The U.S. is behind the world on support to single parents and their kids, and "Plan B" would make it worse
The United States offers the worst support structure for single parents among all comparable countries — and if anything like House Speaker John Boehner’s Plan B carries the day, it’s about to get worse.
Republicans used to love the earned income tax credit and the child tax credit, because they incentivized paid labor and used the tax code instead of cash assistance or programs to help low-income parents, most visibly single mothers. But that was before the cry against the 47 percent, a substantial portion of whom didn’t pay taxes because of such credits.
In the Washington Post, Jamelle Bouie points to an analysis by the Center on Budget and Policy Priorities showing that the two tax credits for low-income families will be slashed under Plan B: “A mother with two children who works full time at the minimum wage of $7.25 and earns $14,500 a year would lose $1,560 of her Child Tax Credit, which would plummet from $1,725 to $165.”
This comes, of course, a few months after the party’s nominee answered a question about gun violence by complaining about single mothers, and about a year after the supposed intellectual force of the party, Newt Gingrich, offered the following plan for reducing child poverty: employing young children as janitors at school. For a substantial amount of time in between, the leading candidate among Republican primary voters, Rick Santorum, was the guy who, as a Senate candidate in 1994, had suggested forced paternity tests for welfare recipients and said single mothers were “breeding criminals.” He added then, “We are seeing it. We are seeing the fabric of this country fall apart, and it’s falling apart because of single moms.”
It’s excellent timing, then, for Legal Momentum to release a comprehensive report comparing the U.S.’ policies on single-parent families (which most often means single mothers) and their children, with those of other countries. Republicans love to talk about the negative outcomes documented among such children, but their proposed solution tends to be rhetoric about how women should just get married or — more recently — trying to cut the scant benefits that are keeping the poorest of these families afloat, from Head Start to food stamps to the aforementioned tax credits.

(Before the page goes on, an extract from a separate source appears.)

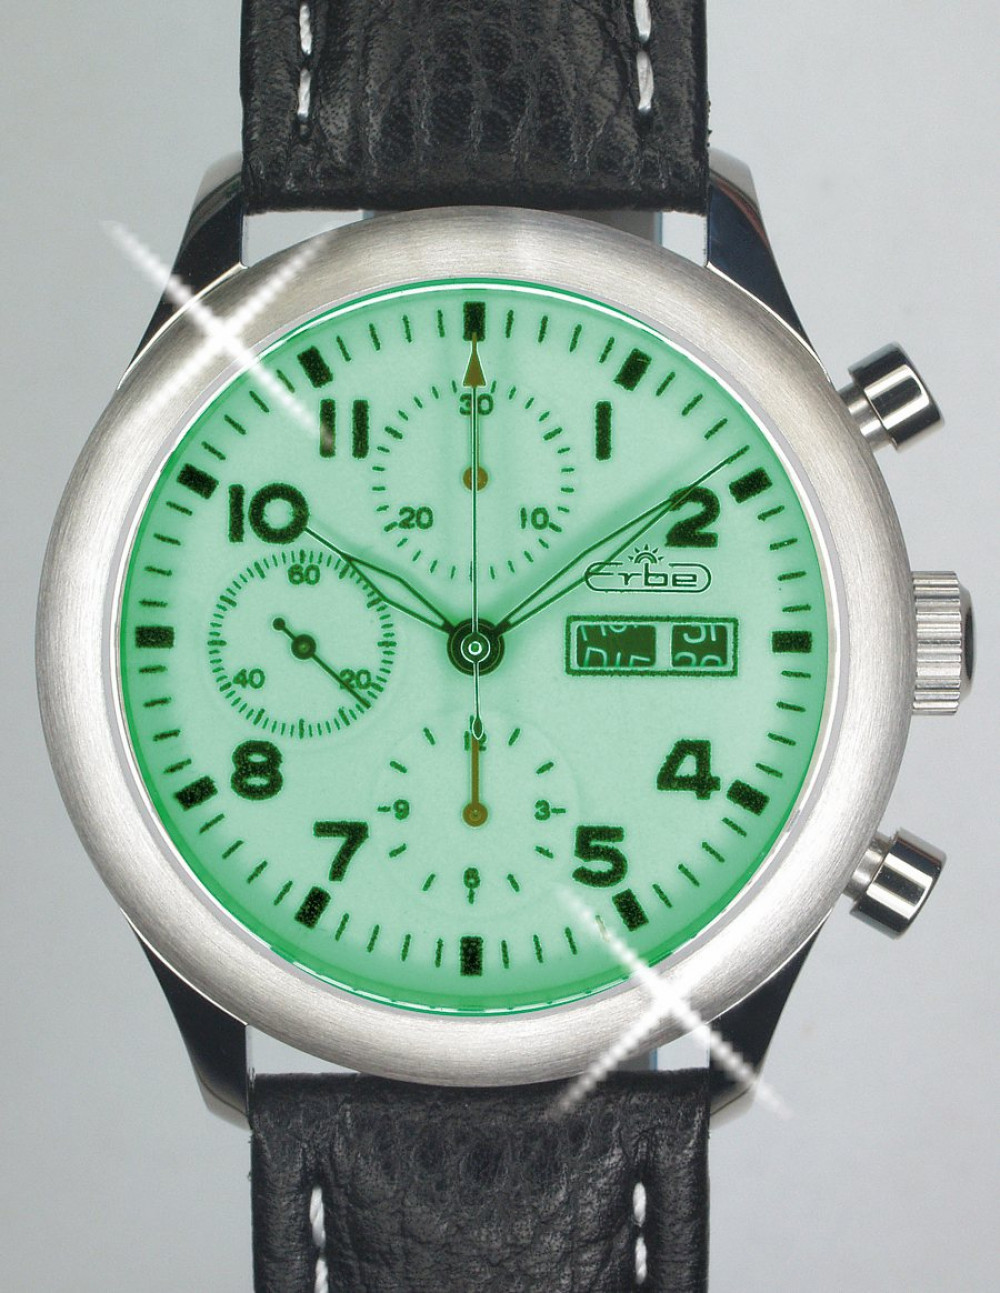 Zegarek firmy Erbe, model Chronograph 860

This is usually when someone brings up Sweden. But it’s not just Sweden: The comparison countries include Australia, Austria, Belgium, Canada, Denmark, Finland, France, Germany, Ireland, Italy, the Netherlands, Norway, Spain, Sweden, Switzerland and the United Kingdom. When put in this relatively diverse and similarly wealthy company, the authors write, “We find that U.S. single-parent families are the worst off. They have the highest poverty rate. They have the highest rate of no health care coverage. They face the stingiest income support system. They lack the paid-time-off-from-work entitlements that in comparison countries make it easier for single parents to balance caregiving and job holding. They must wait longer than single parents in comparison countries for early childhood education to begin. They have a low rate of child support receipt.”

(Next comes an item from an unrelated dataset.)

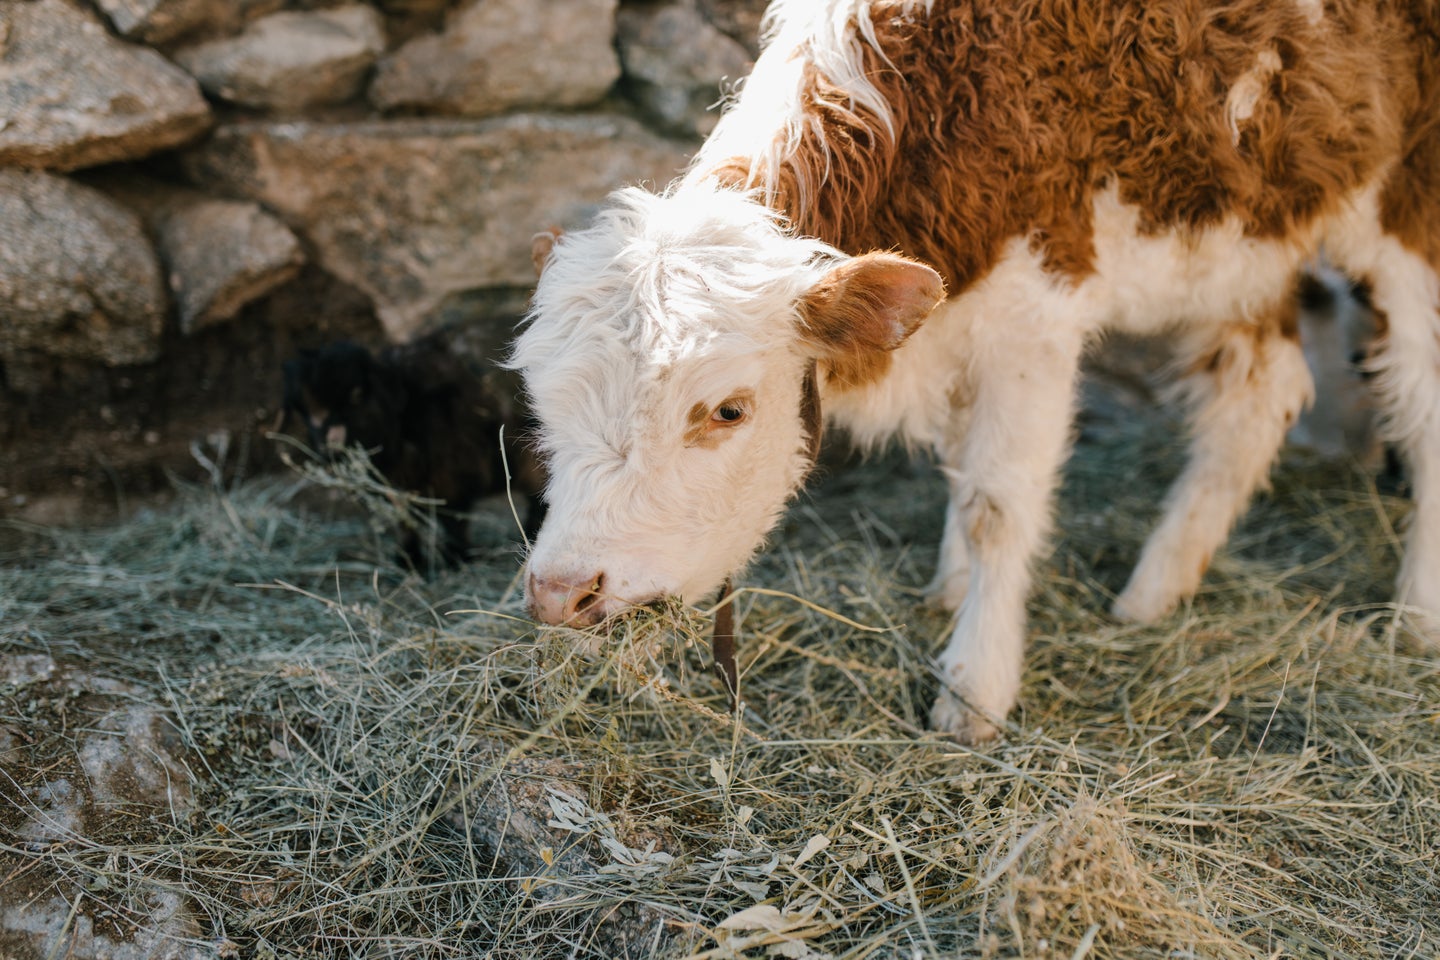 Cow eating hay at farm.

Partly as a result of “welfare reform” policies, they note, “U.S. single parents have both above average employment rates,” including, often, full-time and year-round work, “and above average poverty rates.” How does that happen? Single mothers pushed into the workforce disproportionately end up in low-wage jobs, and a diminishing pool of them at that. (Over 80 percent of single parents in the U.S. are single mothers, less than half of whom have never been married.) The recession’s lasting impacts have meant a decline in employment rates for single mothers — from 73 percent in 2007 to 66 percent in 2011 — even as the last remaining benefits are being haggled down in Congress. Single mothers also tend to make substantially less than single or married men with the same education, thanks to discrimination, occupational segregation and the historic devaluing of jobs women tend to do.

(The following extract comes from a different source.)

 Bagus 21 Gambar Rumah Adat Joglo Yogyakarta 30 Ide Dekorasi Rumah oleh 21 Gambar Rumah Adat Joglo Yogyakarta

The study takes a broad view of government policies affecting the most vulnerable families: It’s about affordable daycare and paid family leave, but it’s also about access to health insurance, subsidized or free early education for 3- to 5-year-olds, and child allowance program, payments many countries adopted to encourage fertility, something conservatives supposedly want too. (The earned income tax credit and additional child tax credit were meant to have a similar impact, but those were different days.)
Getting fathers to step up is increasingly popular to talk about in the U.S., but when that doesn’t happen, this country is not among several countries offering “advanced maintenance programs,” in which the government guarantees child support payments, up to a point, and then tries to collect from the deadbeat parent.
These are all concrete ways that other countries are protecting low-income families, including children who might be trapped in a cycle of poverty — but they cost a lot more than demonizing single mothers.